Императрица торопливо, словно украдкой, глянула на Ланского, а потом на Нарышкина и заметила, что они с Храповицким что-то рассматривают там на письменном столе и смеются, желая это скрыть.
– Ты чему там, повеса, радуешься? – спросила она Нарышкина.
– Я не радуюсь, матушка, а плачу, – отвечал тот, скорчив плаксивую рожу.
– Над чем? – улыбнулась Екатерина.
– Над мухой, государыня.
– Над какой мухой?
– А вот, матушка, в тенета к паукам попалась.
– А покажи, повеса.
Он встал и подал императрице лист, на котором было что-то нарисовано карандашом.

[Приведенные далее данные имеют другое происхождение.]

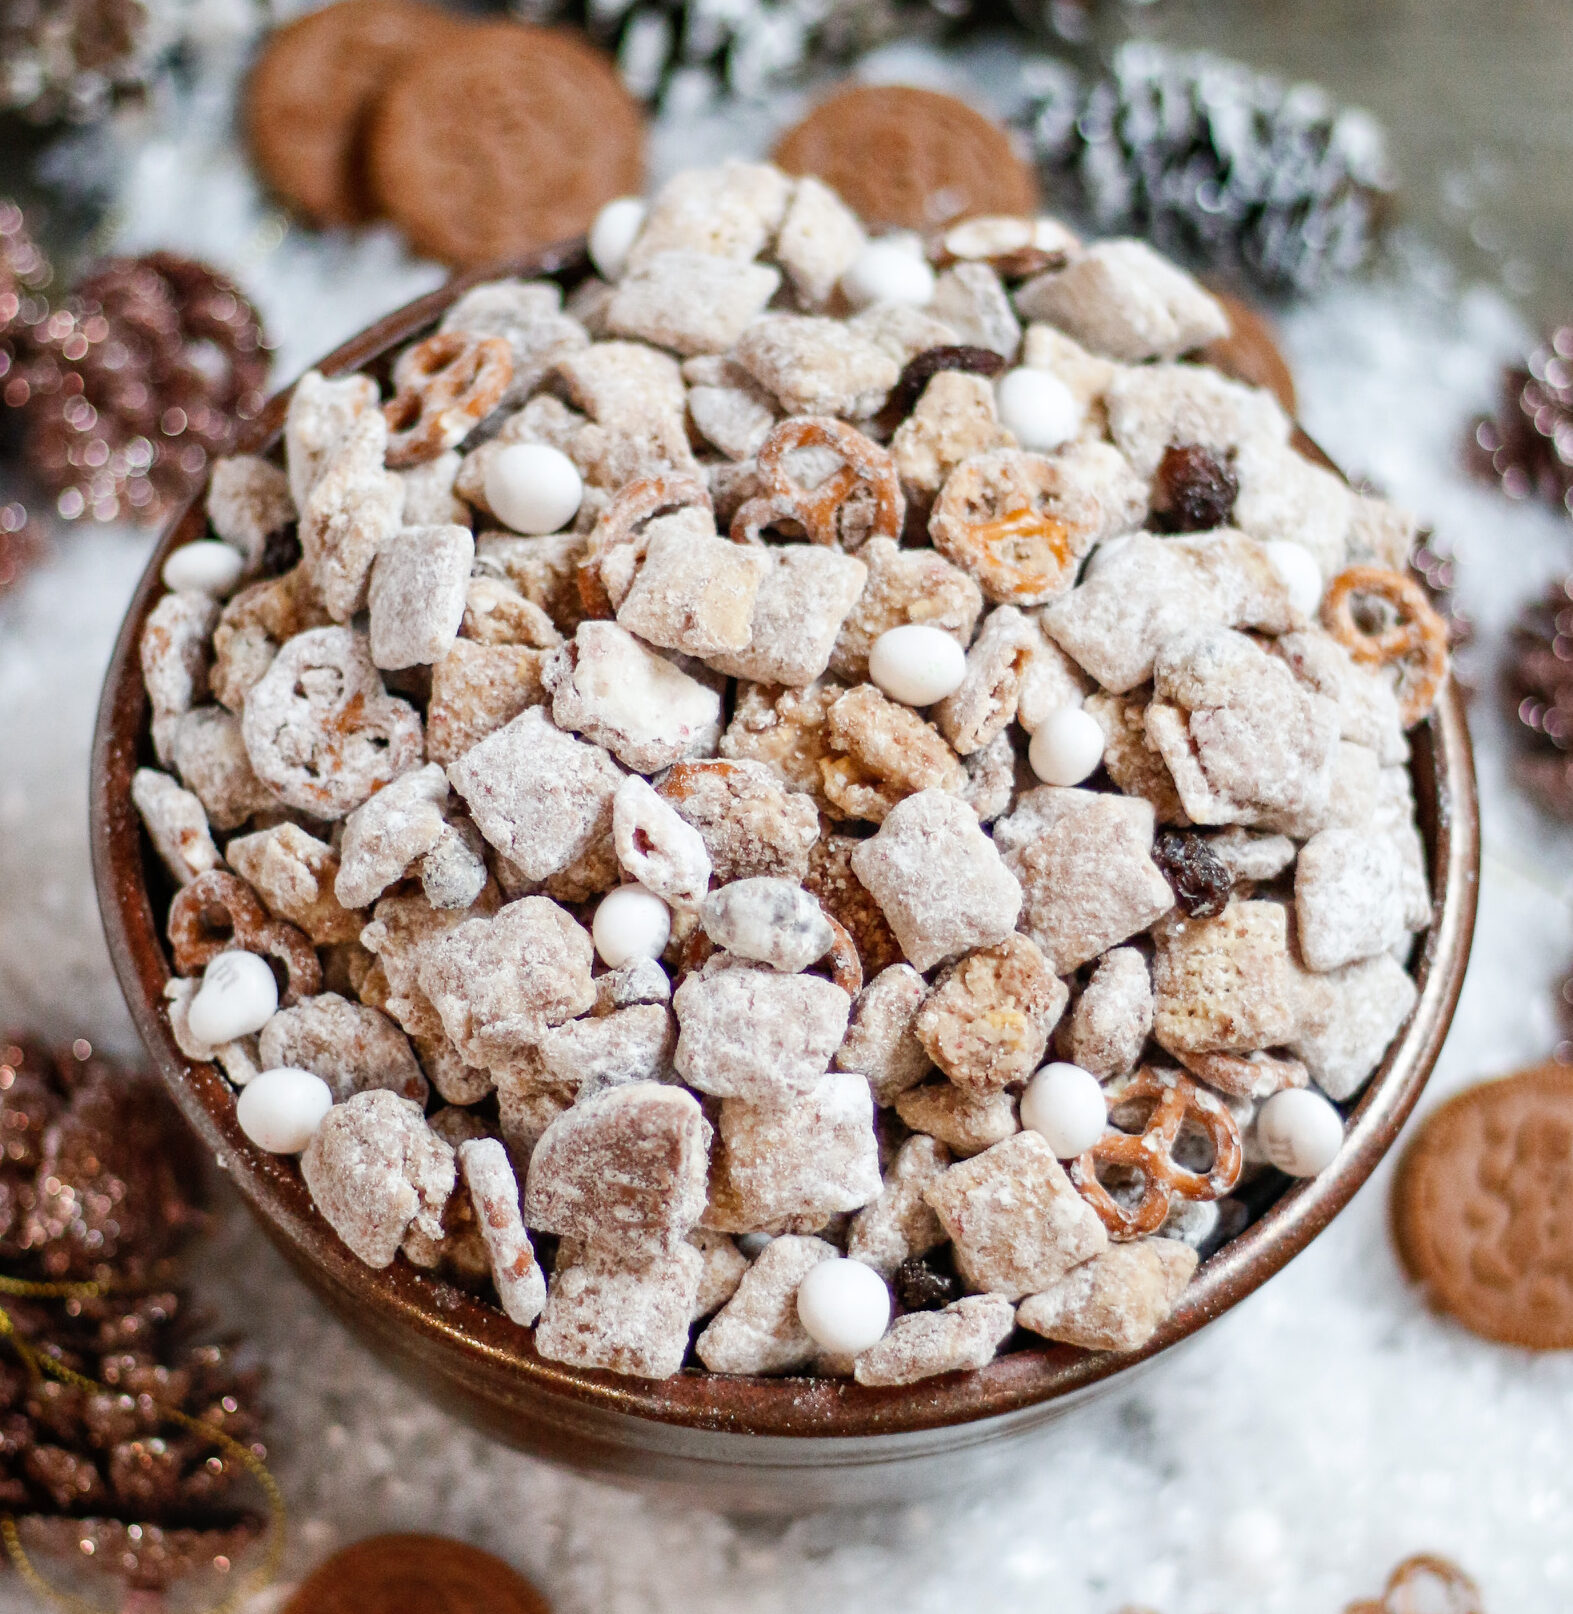 gingerbread puppy chow, puppy chow, christmas puppy chow, cookie butter puppy chow, oreo puppy chow, gingerbread oreo puppy chow
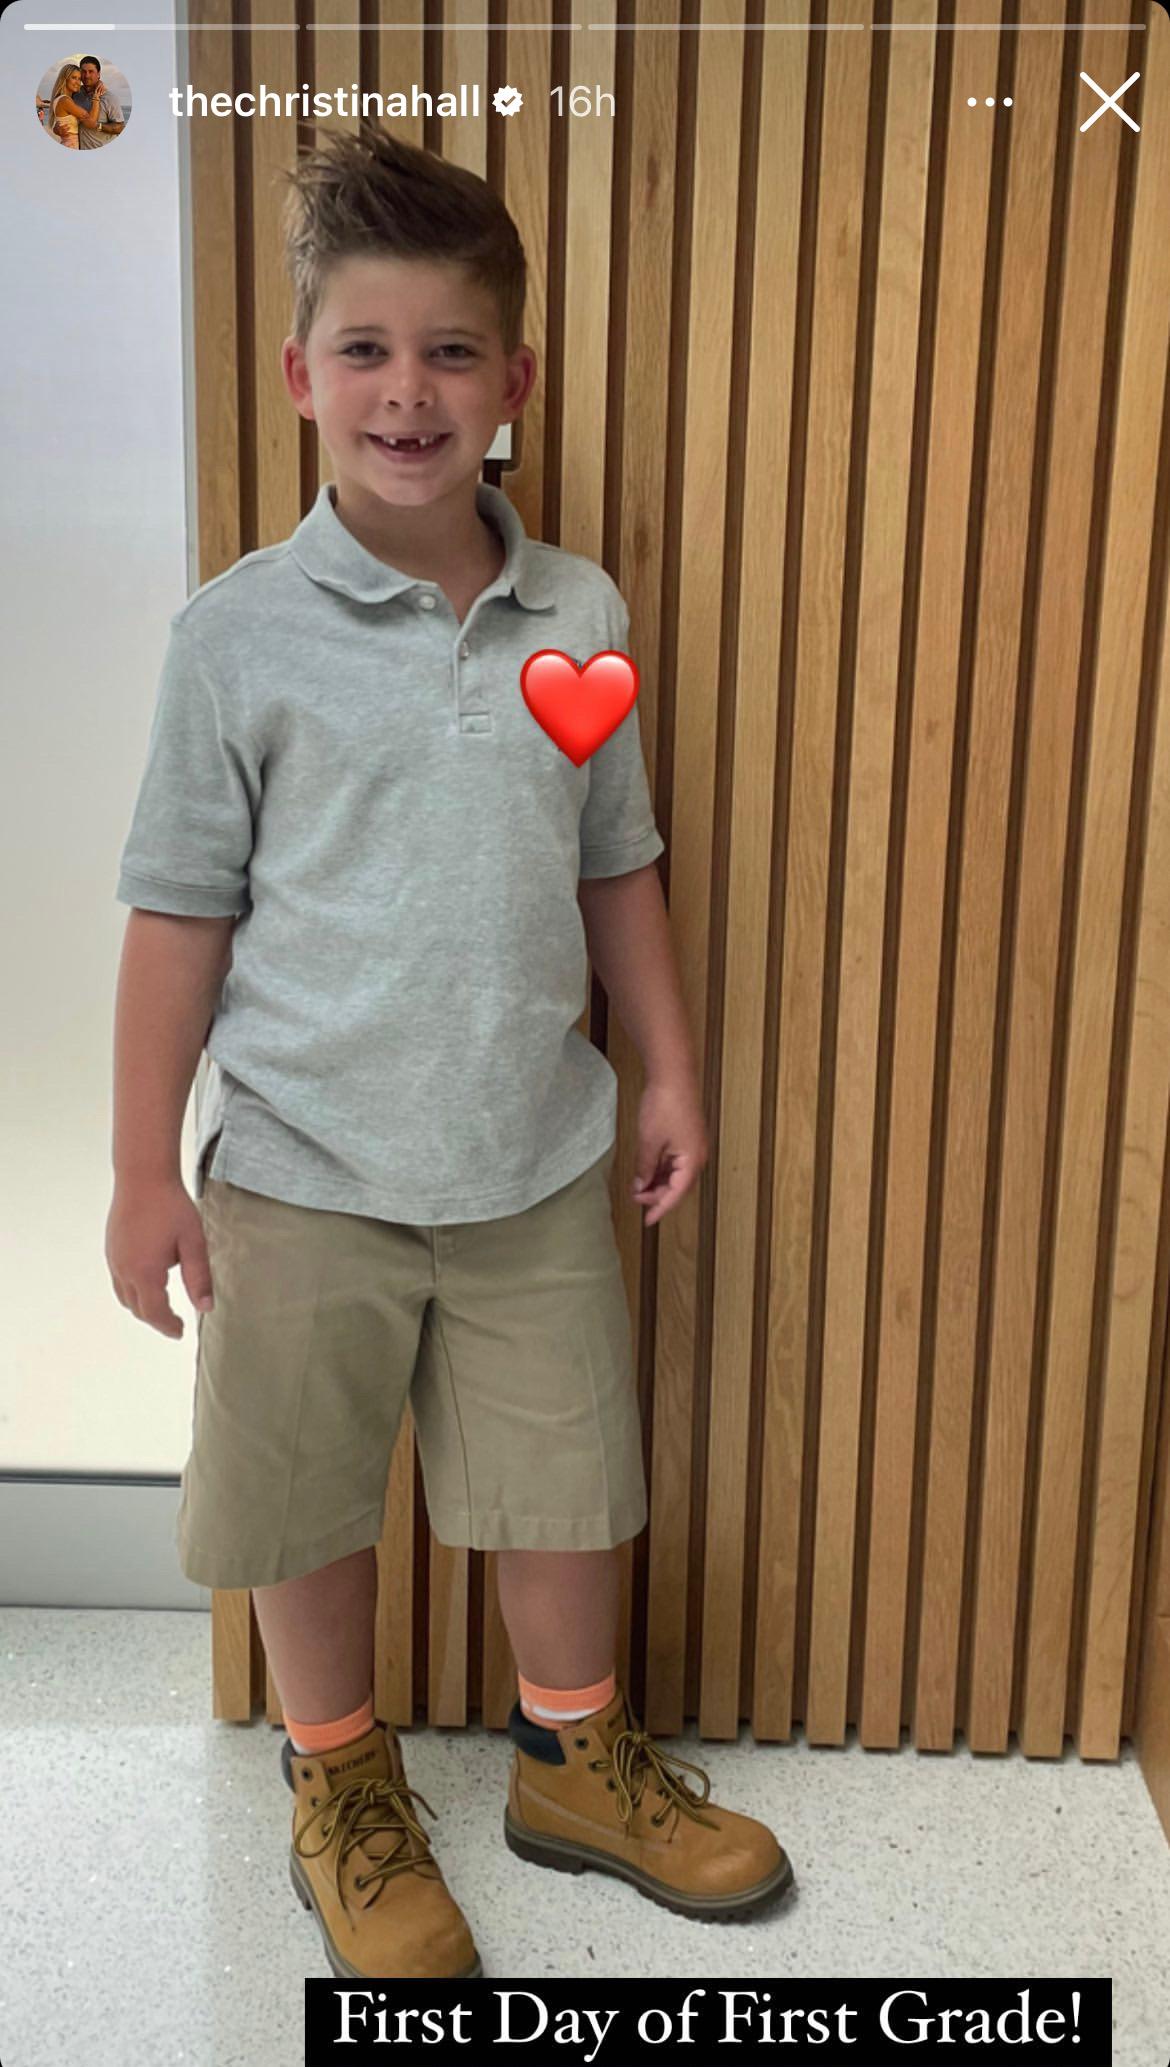 A portrait of Christina Hall's son Brayden posted on her Instagram story

– Это что такое? – спросила Екатерина.
– А это, государыня, вон Александр Васильевич (он указал на Храповицкого, который сидел красный как рак) – он это при перлюстрации нашел в одном пакете.
Императрица невольно рассмеялась.
– Ах ты шпынь! И точно: муха в паутине… Посмотри-ка (она подозвала к себе Ланского), и муха, и пауки, что запутали ее, видишь?
– Вижу, государыня, – отвечал Ланской, – а у мухи лицо человеческое.
– А на кого похож, узнаешь?
– Ах, государыня, да это сам Зорич… Две капли воды.
– А пауки?
– Это, должно быть, Зановичи, государыня.
– Они и есть… Посмотри-ка, князь, это твои подсудимые, – подозвала она Вяземского.
Вяземский подошел и долго вглядывался в рисунок. Серьезное лицо его кривилось улыбкой.
– Искусно, искусно, – шептал он. – Захар с метлой тут же.
– Где Захар? – спросила императрица. – Я и не заметила.
– А вот, государыня, из двери показывается. Вяземский показал на нарисованную фигуру Захара с полотенцем под мышкой и с метлой в руке. Вглядевшись поближе в рисунок, императрица громко расхохоталась.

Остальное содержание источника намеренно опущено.